Tobacco may Help Diabetic Patients in the Future


SemBioSys Genetics Inc., out of Canada, was granted U.S. patent number 7,547, 821 entitled"Methods for the Production of Insulin in Plants". A similar patent was granted in Europe last year, and there are patent applications submitted in a multitude of countries worldwide according to the official company press release. The ever-increasing obesity problem that is facing the United States virtually guarantees great success on the patent as plant production is considered the fastest and cheapest methods of reproducing proteins. They will have a lock on the commercialization processes of this plant production method, I bet you wish you would have wanted to know this before its IPO last week.

From the abstract of the Patent "Production in seeds offers flexibility in storage and shipment of insulin as a raw material, and insulin retains its activity upon extraction from stored seed. Further, the amount of biomass subjected to extraction is limited, due to the relatively low water content of plant seeds." The benefits also include the cost factor in production as the scientists do not have to spend tons of money on generating the proteins within labs in small quantities. There is one aspect of the work that seems to worry me based on language in the patent. The claims of the patent seem to use tobacco, as it is typically an easy plant to use due to its regeneration and large pours that let you pop those proteins right out of the leaves in a vacuum chamber. However, it seems that the inventors would prefer to use the Arabidopsis (first plant that had its genome sequenced due to its simplicity), flax plant, or safflower. I am not sure the reason to steer away form tobacco, as it works well in demonstration scale tests, but perhaps its the perception, cost, complexity of the plant, or a host of other factors in which a learned expert in science or business could provide illumination.

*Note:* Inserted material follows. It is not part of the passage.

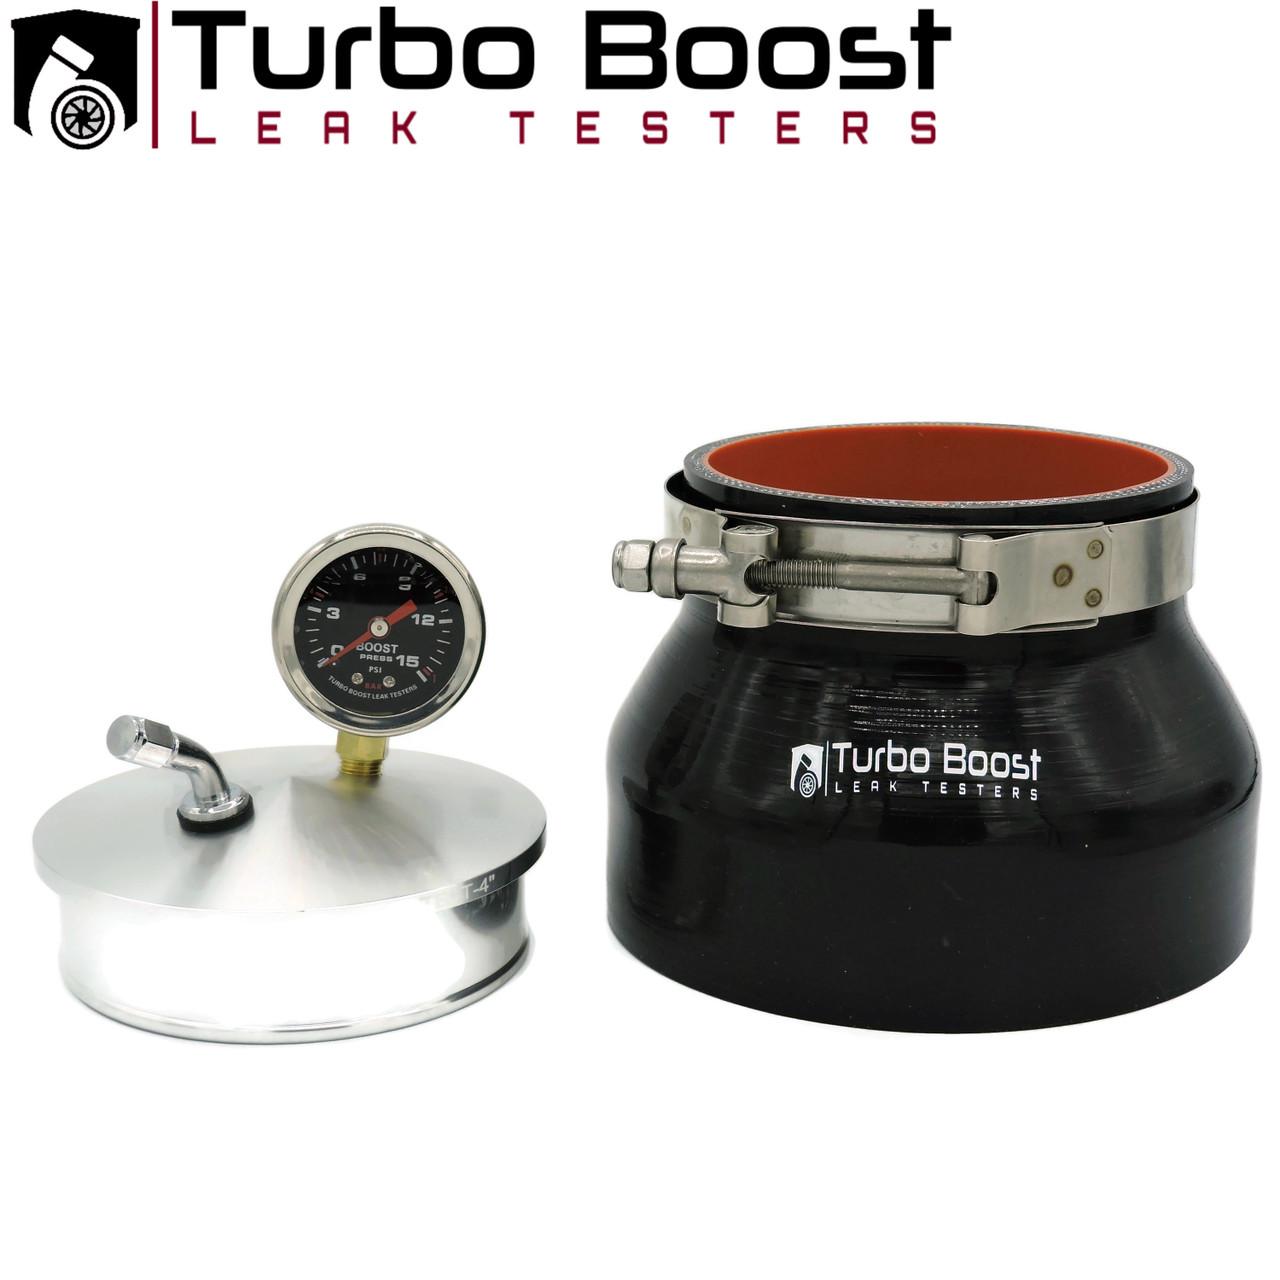 "5.5"" Pro-Kit Turbo Boost Leak Tester - Billet 6061 Aluminum"

This preference for other plants besides the Arabidopsis concerns me, as I believe it will give it a tougher time through the regulatory channels that transgenic crops must go through with APHIS and FDA. No one is much on tobacco, even smoking "unprocessed" tobacco is odious and the demand for consumption of Arabidopsis is virtually non-existent, so there would be no concern of these seeds getting into the food supply as there is no channel for these seeds. However, flax is being used more and more as an alternative to "traditional" foods with its presumed or known health effects, and safflower is used in vegetable oil and salad dressings. I believe this could cause more obstacles than need to be there during the regulatory phase as well as the possibility of public relations problems. This push-back from segments of the public can be seen in the opposition of corn's usage in pharmacropping.

I will continue to follow the progress of this company's patented invention as it continues its clinical trials and comment on the legal steps it will take and possible ramifications of actions taken while attempting to install it into the commercial chain.

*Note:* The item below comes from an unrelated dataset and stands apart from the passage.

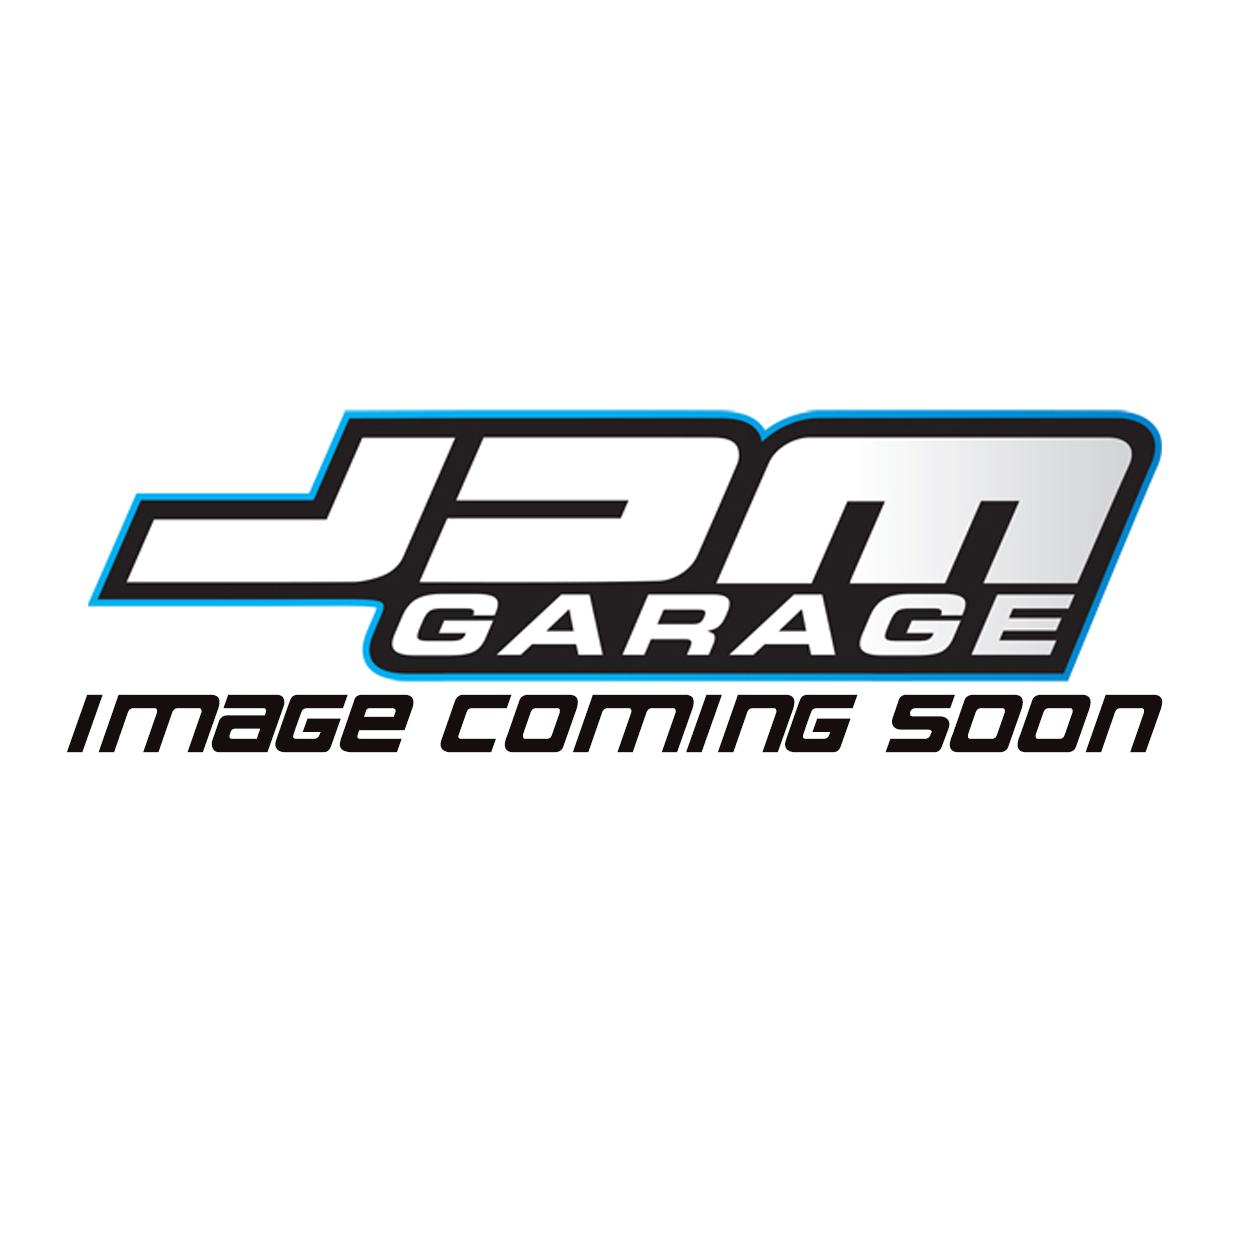 Exedy Clutch Kit Organic / Paddle / Hyper Single For Nissan Silvia S13 180SX 200SX SR20DET CA18DET

I want to comment, and give credit, on where I get my base information to run off with into fanciful flights of legal discovery and opining upon all things seed. Please visit SeedQuest as they provide far more of an overview of the seed industry than my blog ever could, as they should. Another great resource for topic ideas and the most comprehensive blog regarding the extremely broad field of agricultural law is a combined effort of the National Agricultural Law Center and the American Agricultural Law Center, which can be found here.

-Craig

Thursday, July 30, 2009

When can a Farmer Legally Save Seed?


This post was inspired by a news report on Seedquest and a portion of the movie Food, Inc. that focused on Maurice Parr a traveling seed cleaner in the Midwest that was accused of assisting in the unlawful resale of patented seeds. Many people are attempting to save seed in these economic times as a way to cut cost, however there is some considerations you have to keep in mind regarding the legality of that action especially as more groups are enforcing their rights through U.S. patent laws or the Plant Variety Protection Act (PVPA).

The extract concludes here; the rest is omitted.